··· Data for analysis

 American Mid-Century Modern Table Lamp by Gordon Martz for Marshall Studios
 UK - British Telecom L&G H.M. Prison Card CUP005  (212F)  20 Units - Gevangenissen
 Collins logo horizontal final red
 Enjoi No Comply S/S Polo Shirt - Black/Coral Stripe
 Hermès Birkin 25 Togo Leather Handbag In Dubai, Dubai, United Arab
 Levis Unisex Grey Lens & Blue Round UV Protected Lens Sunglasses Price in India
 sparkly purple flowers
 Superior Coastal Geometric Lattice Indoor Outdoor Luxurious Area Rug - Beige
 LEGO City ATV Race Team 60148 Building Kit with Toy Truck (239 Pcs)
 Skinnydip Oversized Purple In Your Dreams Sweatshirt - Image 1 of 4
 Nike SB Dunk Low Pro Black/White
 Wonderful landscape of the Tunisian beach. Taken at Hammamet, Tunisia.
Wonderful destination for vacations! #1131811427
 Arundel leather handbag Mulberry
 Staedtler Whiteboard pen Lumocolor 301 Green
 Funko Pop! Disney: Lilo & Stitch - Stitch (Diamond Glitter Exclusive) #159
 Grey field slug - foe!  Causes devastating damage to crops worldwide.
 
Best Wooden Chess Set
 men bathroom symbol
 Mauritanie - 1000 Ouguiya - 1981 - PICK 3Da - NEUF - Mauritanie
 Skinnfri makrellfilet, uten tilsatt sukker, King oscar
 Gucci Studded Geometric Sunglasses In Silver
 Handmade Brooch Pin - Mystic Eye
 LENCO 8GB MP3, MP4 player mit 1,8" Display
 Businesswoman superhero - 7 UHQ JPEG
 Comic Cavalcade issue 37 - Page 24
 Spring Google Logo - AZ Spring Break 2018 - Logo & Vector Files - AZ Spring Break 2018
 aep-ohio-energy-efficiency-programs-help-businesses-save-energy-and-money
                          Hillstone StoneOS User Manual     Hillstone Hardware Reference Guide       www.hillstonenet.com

······

▶ Task description
Among the records above, extract exactly the lines from the line with "Arundel leather handbag Mulberry" to the line with "men bathroom symbol", both lines included, and leave out the rest.

▶ Response
 Arundel leather handbag Mulberry
 Staedtler Whiteboard pen Lumocolor 301 Green
 Funko Pop! Disney: Lilo & Stitch - Stitch (Diamond Glitter Exclusive) #159
 Grey field slug - foe!  Causes devastating damage to crops worldwide.
 
Best Wooden Chess Set
 men bathroom symbol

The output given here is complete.